- Aim of the exercise -
Excluding images, repeat the data exactly as given.

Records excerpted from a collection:
○ ○ ○ ○

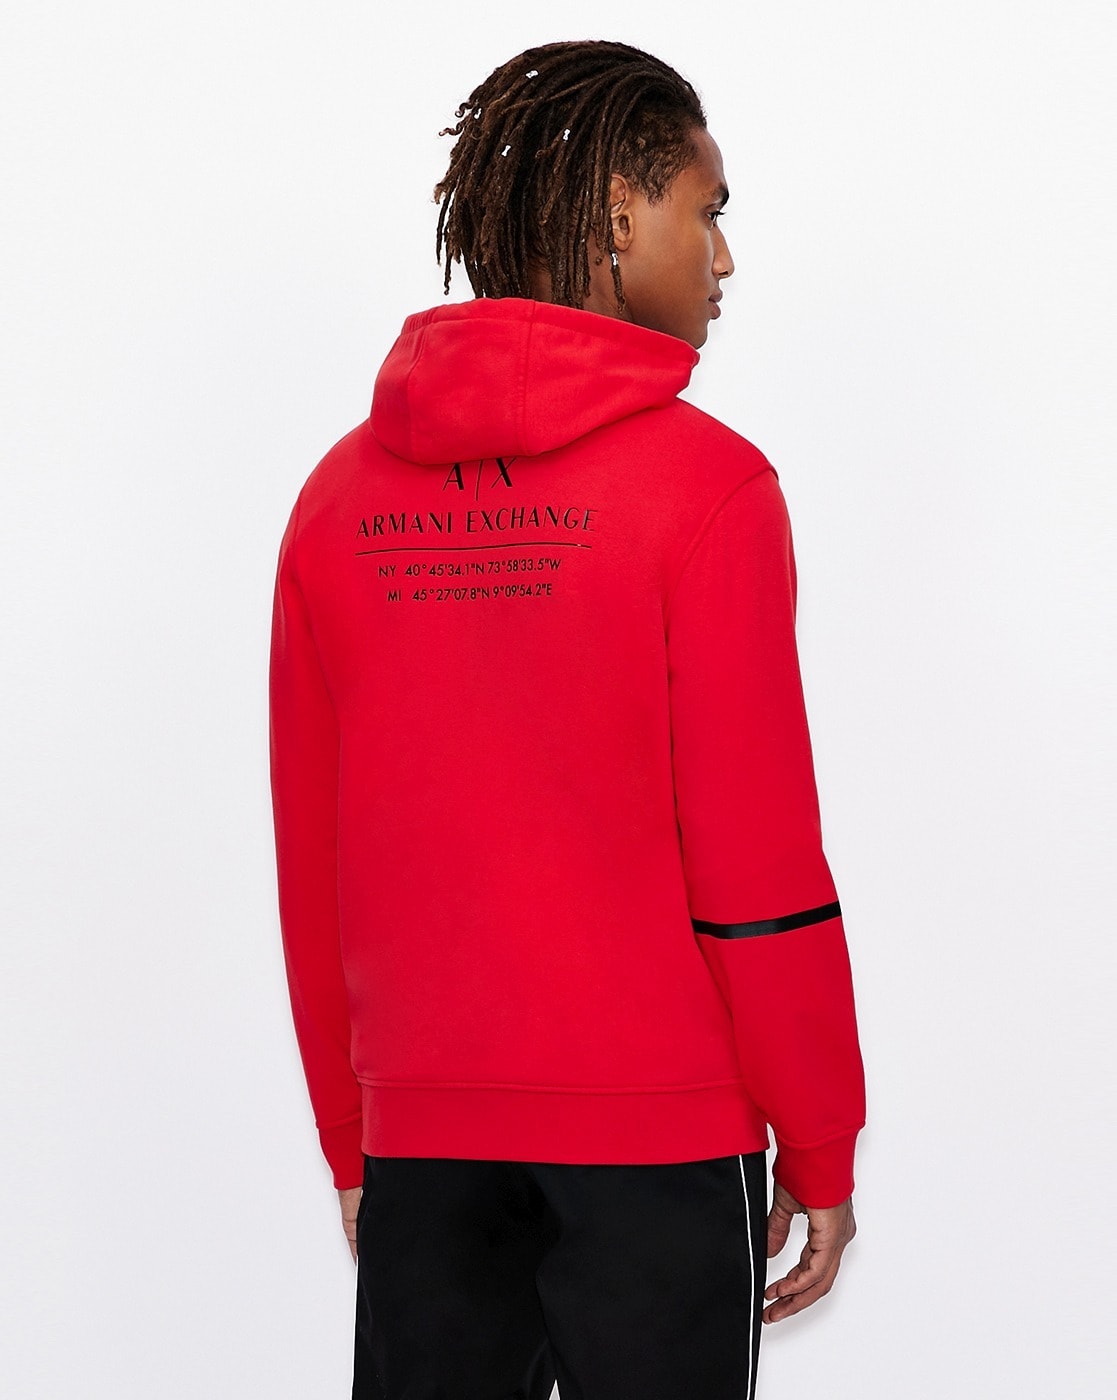 Armani Exchange Red Sweatshirt Cheap Price, Save 46% 
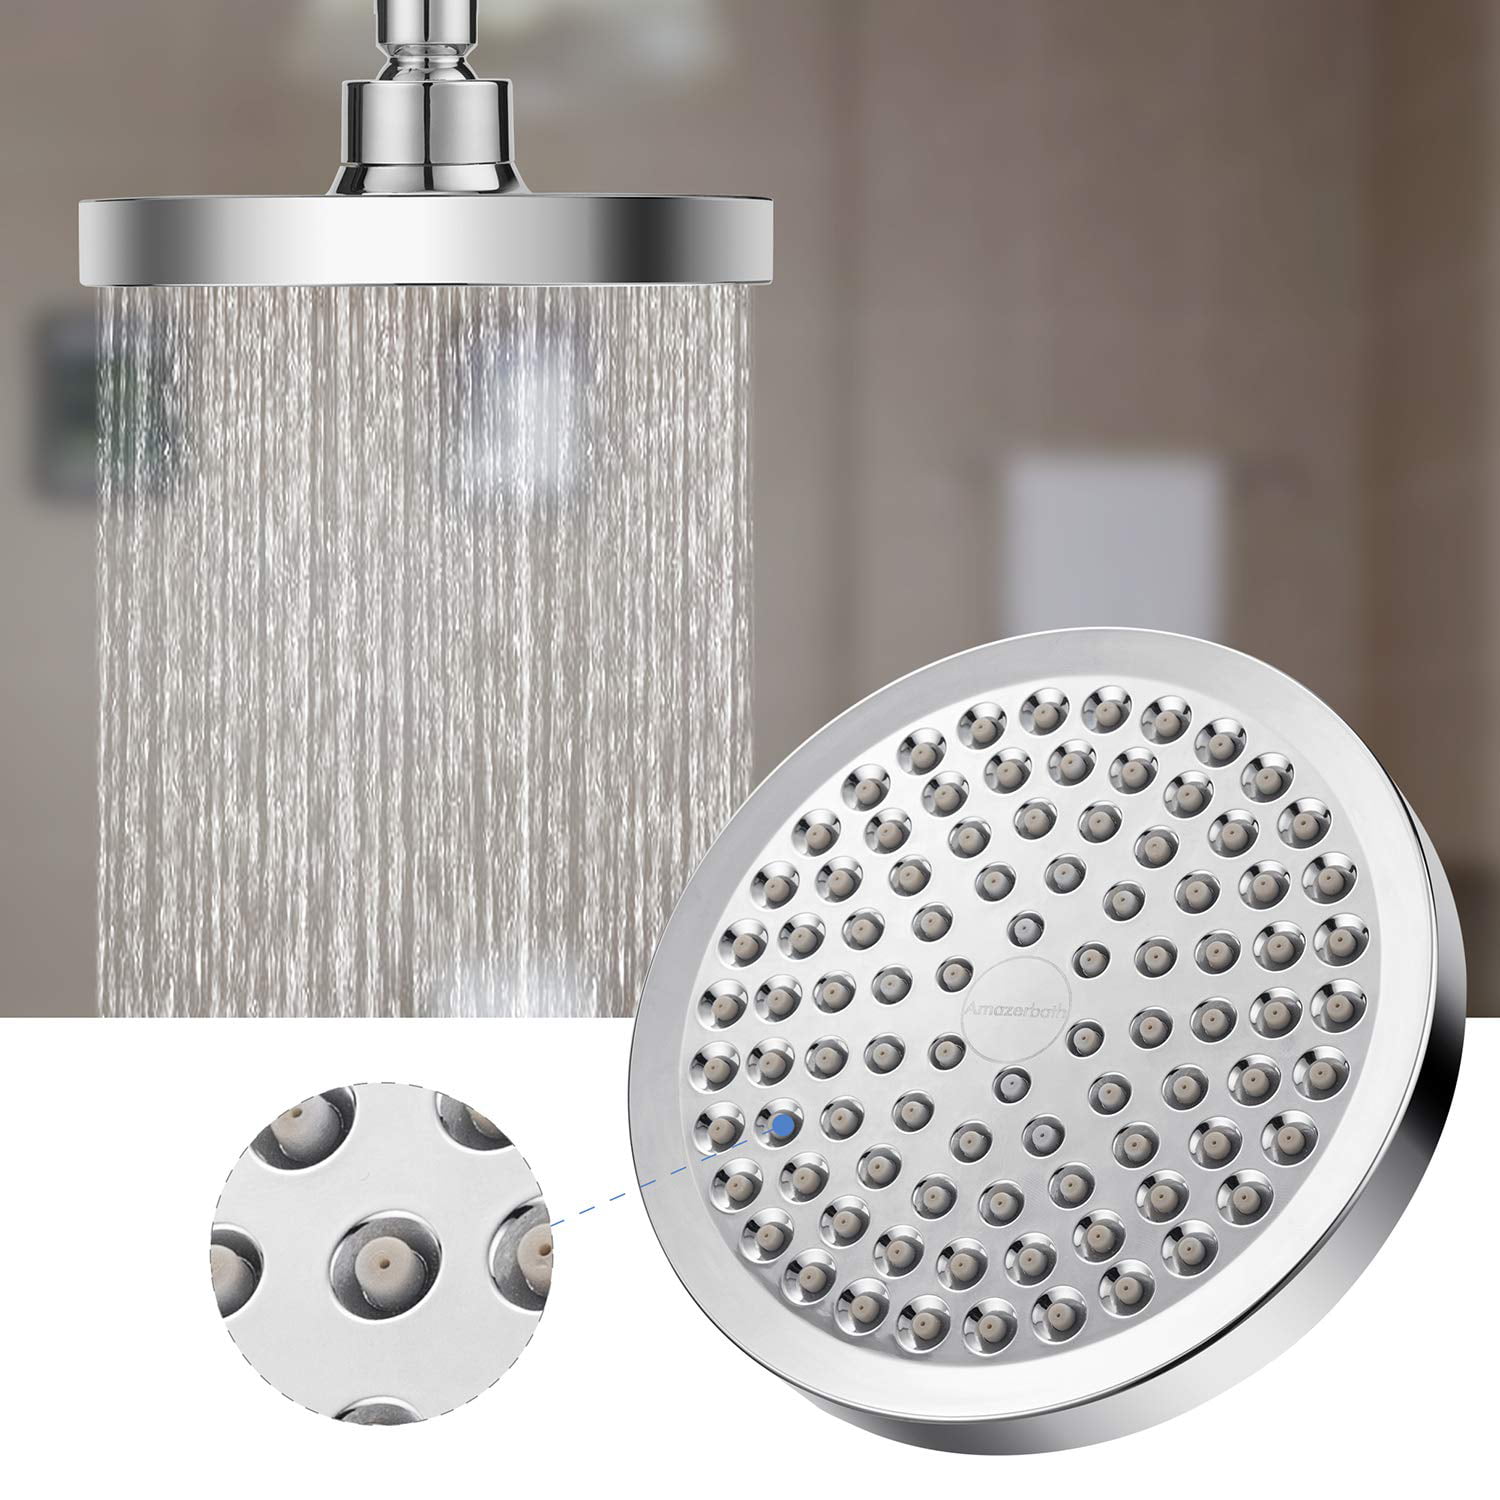 Fix Anti-clog Anti-leak Rain With Luxury AmazerBath High Pressure Shower Head 
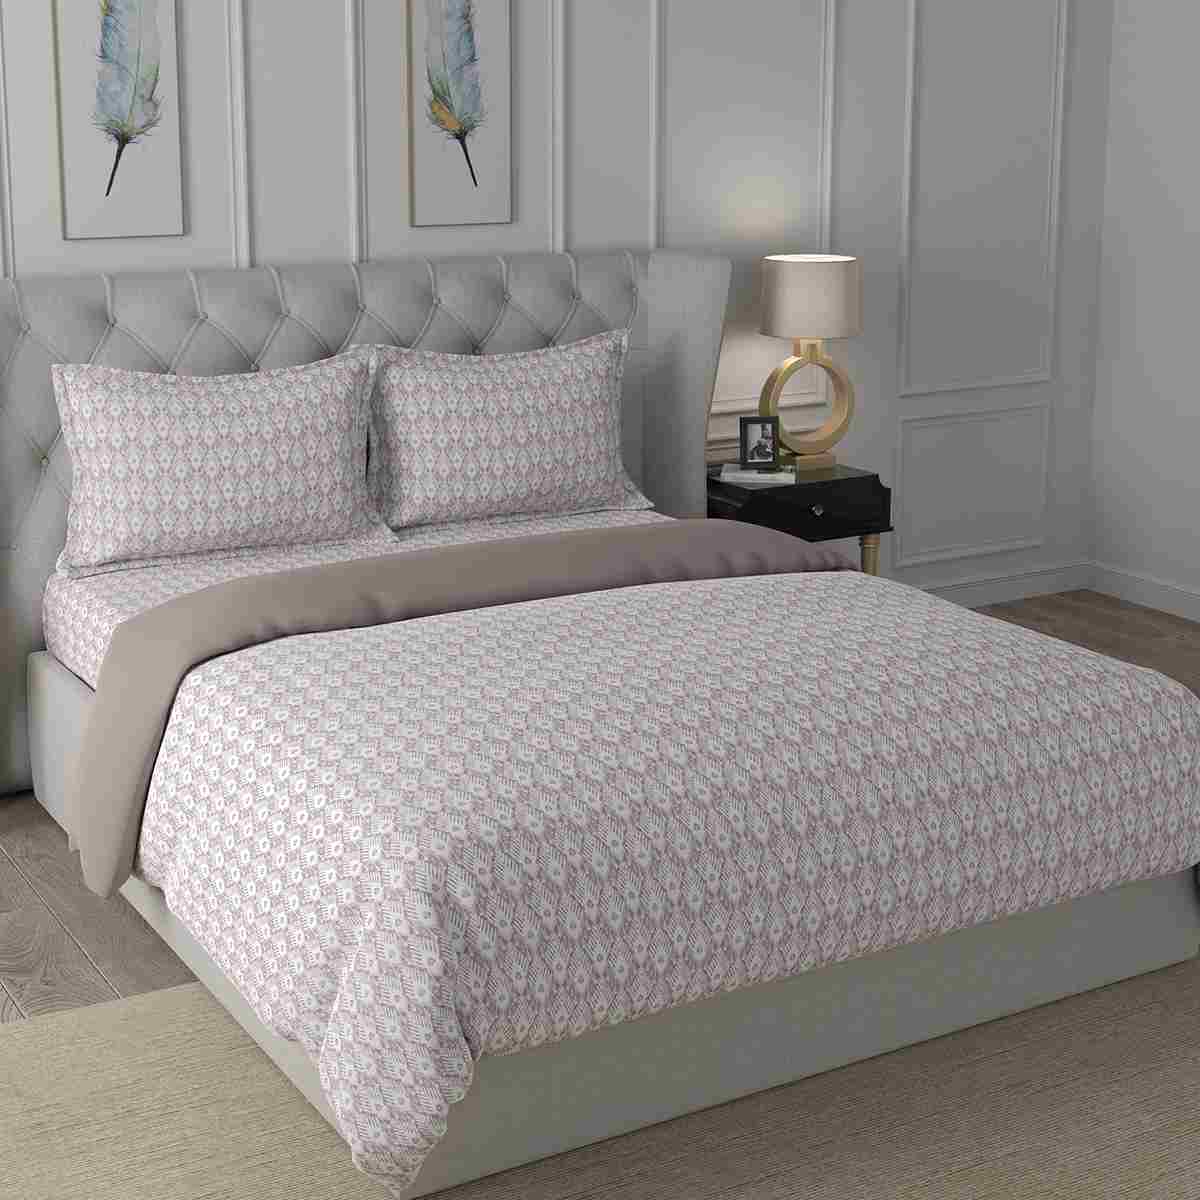 Regency Navajo Summer AC Quilt/Quilted Bed Cover/Comforter Pink
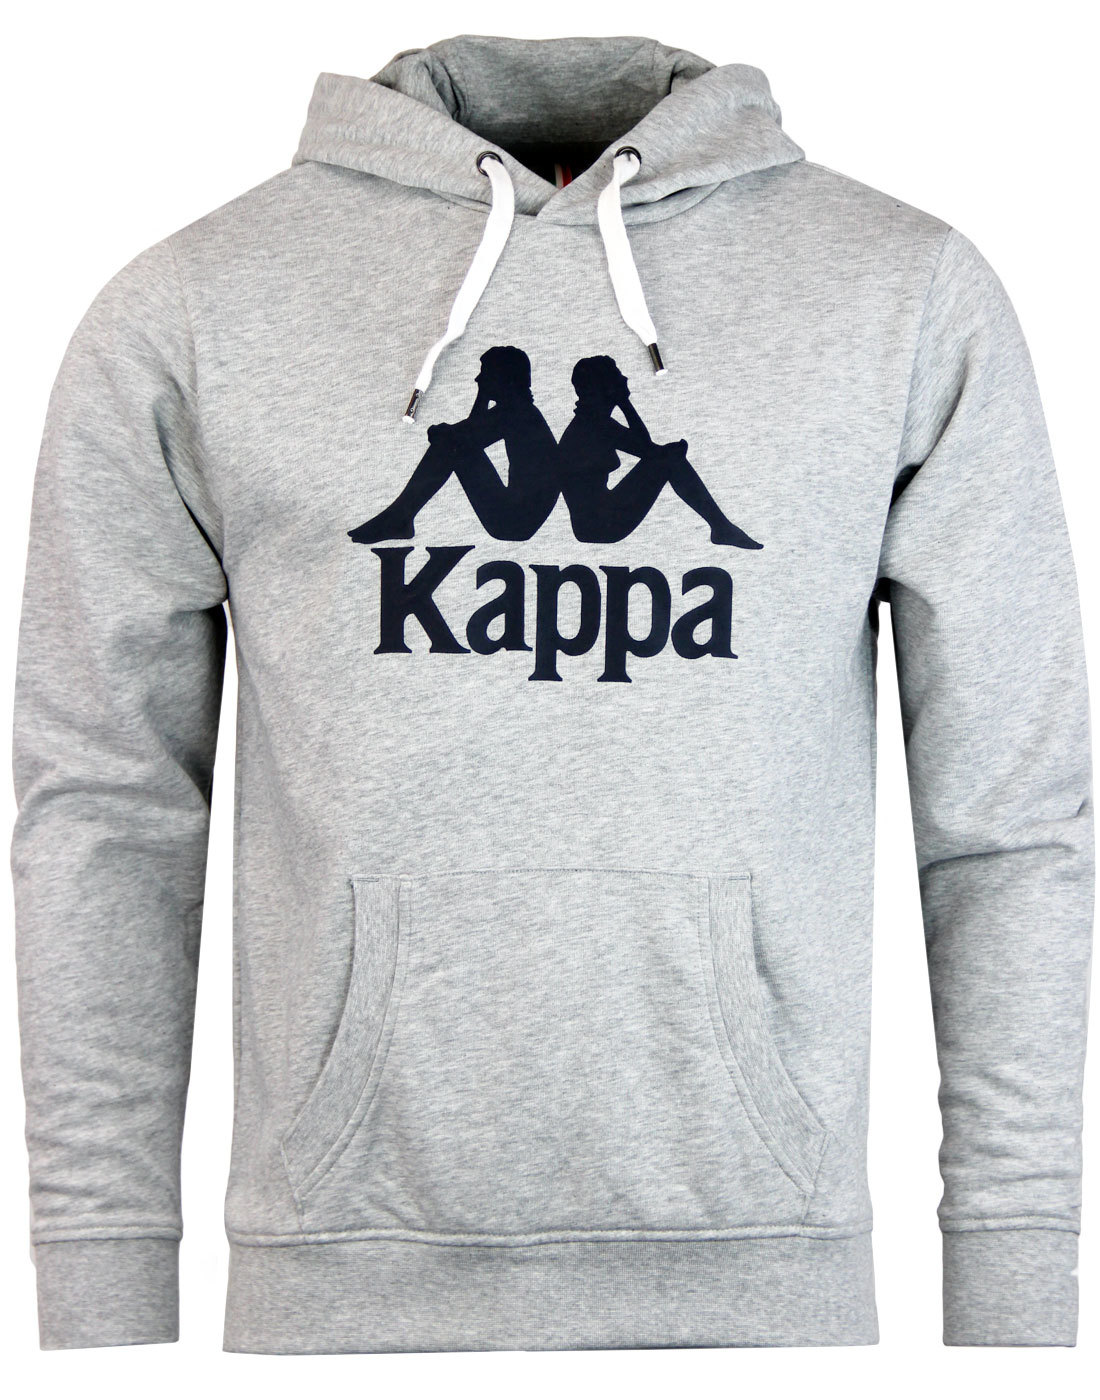 KAPPA Loftus Retro 1970s Indie Omni Logo Hooded Sweatshirt Grey
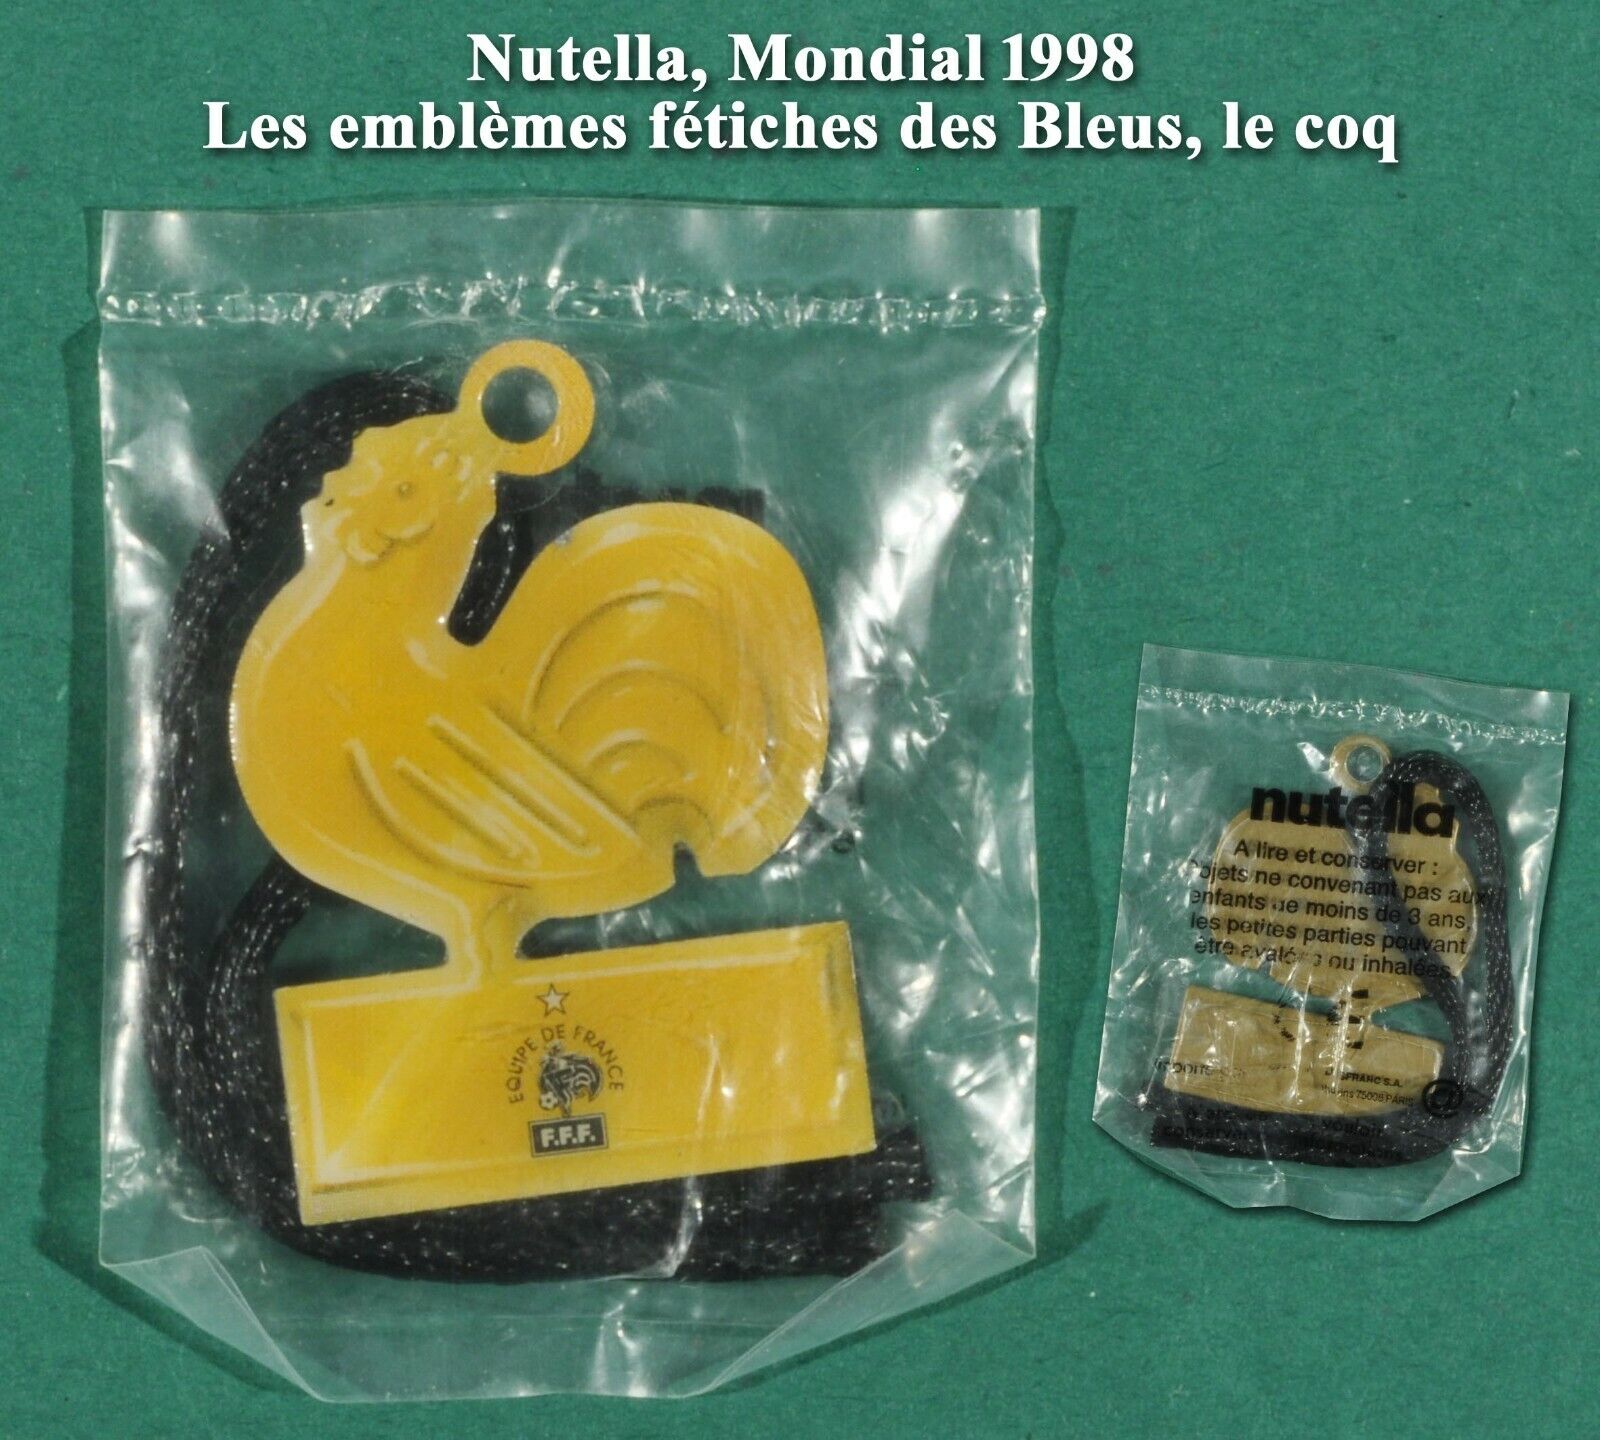 Nutella, 1998 Mondial, Les emblemes fetishes des Bleus, le rooster in bag

○ ○ ○ ○

- Response box -
 Armani Exchange Red Sweatshirt Cheap Price, Save 46% 
 Fix Anti-clog Anti-leak Rain With Luxury AmazerBath High Pressure Shower Head 
 Regency Navajo Summer AC Quilt/Quilted Bed Cover/Comforter Pink
 KAPPA Loftus Retro 1970s Indie Omni Logo Hooded Sweatshirt Grey
 Nutella, 1998 Mondial, Les emblemes fetishes des Bleus, le rooster in bag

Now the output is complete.